UTF-16-LE:Unsupported
The file begins with a little-endian UTF-16 Byte Order Mark. Because utfcheck does not support
UTF-16, this is considered a fatal error and the program will terminate with exit status
EXIT_FAILURE.
UTF-8-BOM-BEGIN
The file begins with a Byte Order Mark (U+FEFF) in UTF-8 form. If the --expurgated option is
selected and this condition is detected, this is considered a fatal error and the program will
terminate with exit status EXIT_FAILURE; otherwise, the program continues.
UTF-8-BOM-EMBEDDED
The file contains a Byte Order Mark (U+FEFF) after the start of the file. If the --expurgated
option is selected and this condition is detected, this is considered a fatal error and the program
will terminate with exit status EXIT_FAILURE; otherwise, the program continues.
UTF-8-CONTROL:0xnn...(U+nnnn)
The file contains a UTF-8 control character (U+0080 through U+009F, inclusive).
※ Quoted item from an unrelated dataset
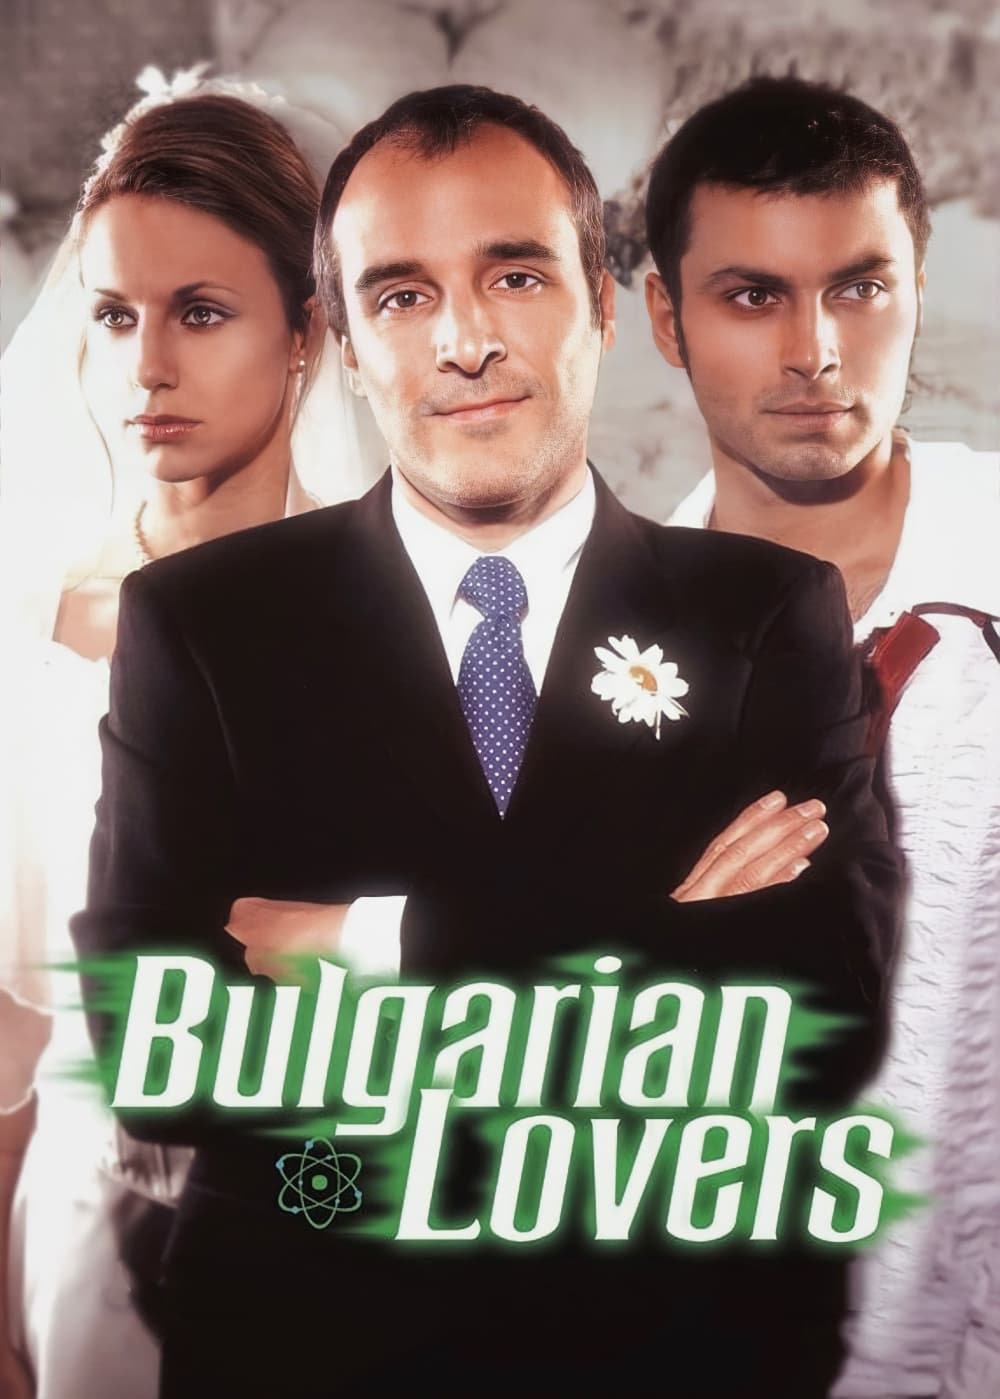 Bulgarian Lovers (2003)

The byte values are
printed first, and then the UTF-8 converted Unicode code point is printed in parentheses.
UTF-8-NONCHARACTER:0xnn...(U+nnnn)
The file contains a Unicode "noncharacter". This can be a code point in the range U+FDD0 through
U+FDEF, inclusive, or the last two code points of any Unicode plane, from Plane 0 through Plane 16,
inclusive. The byte values are printed first, and then the UTF-8 converted Unicode code point is
printed in parentheses. Note that a noncharacter is allowable in well-formed Unicode files, so this
condition is not considered an error.
ENDOFFILESUMMARY
If the -q option is not selected and the program has not encountered a fatal error before reaching the
end of the input stream, utfcheck prints a summary of the file contents after the input stream has
reached its end. This will begin with the line "FILE-SUMMARY:". This is followed by a line beginning
with "Character-Set: " followed by one of "ASCII", "UTF-8", "UTF-16-BE" (UTF-16 Big Endian), "UTF-16-LE"
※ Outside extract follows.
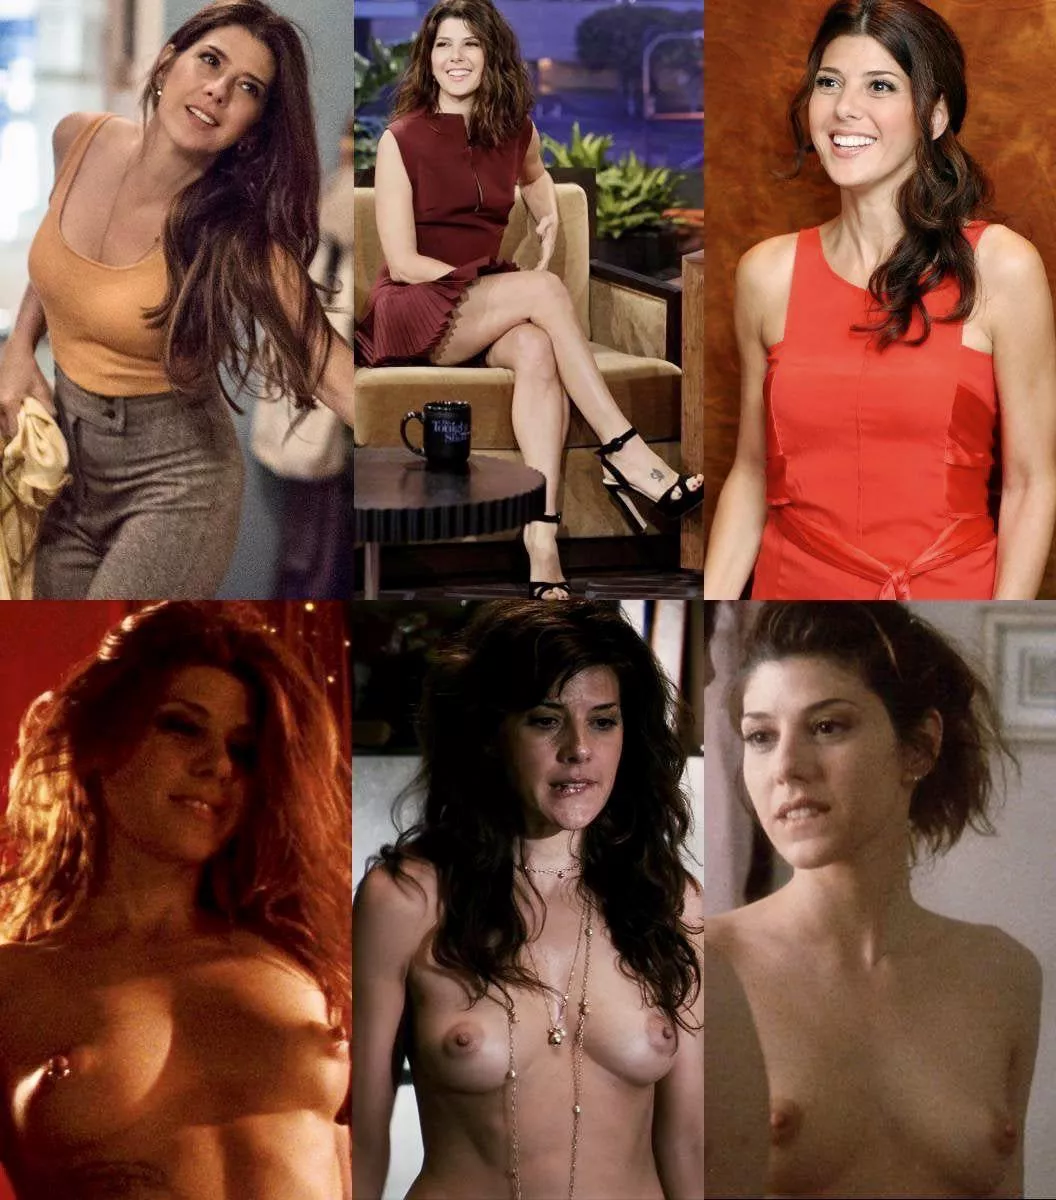 marisa tomei is such a hot milf Nude Lesbianpics.org.

(UTF-16 Little Endian), or "BINARY". (Note that UTF-16 parsing is not currently implemented, so the
UTF-16-BE and UTF-16-LE types will not appear in this final summary at present.) The following messages
can appear in this end of file summary if the program encountered the corresponding types of Unicode code
points.
BOM-AT-START
The file begins with a UTF-8 Byte Order Mark (U+FEFF).
BOM-AFTER-START
The file contains a UTF-8 Byte Order Mark (U+FEFF) after the start of the file.
CONTAINS-NULLS
The file contains null characters (U+0000).
CONTAINS-CARRIAGE_RETURN
The file contains carriage returns (U+000D).
CONTAINS-CONTROL_CHARACTERS
The file contains ASCII control characters in the range U+0001 through U+001F, inclusive, except for
Horizontal Tab, Line Feed, Vertical Tab, Form Feed, New Line, or Carriage Return; or contains the
Delete character (U+007F) or control characters in the range U+0080 through U+009F, inclusive.
CONTAINS-ESCAPE_SEQUENCES
The file contains at least one ASCII escape character (U+001B), which is interpreted to be part of
an escape sequence (for example, a VT-100 or ANSI terminal control sequence).
Plane-0-PUA:ncharacters
Number of Plane 0 Private Use Area characters in file.
Plane-15-PUA:ncharacters
Number of Plane 15 Private Use Area characters in file.
Plane-16-PUA:ncharacters
Number of Plane 16 Private Use Area characters in file.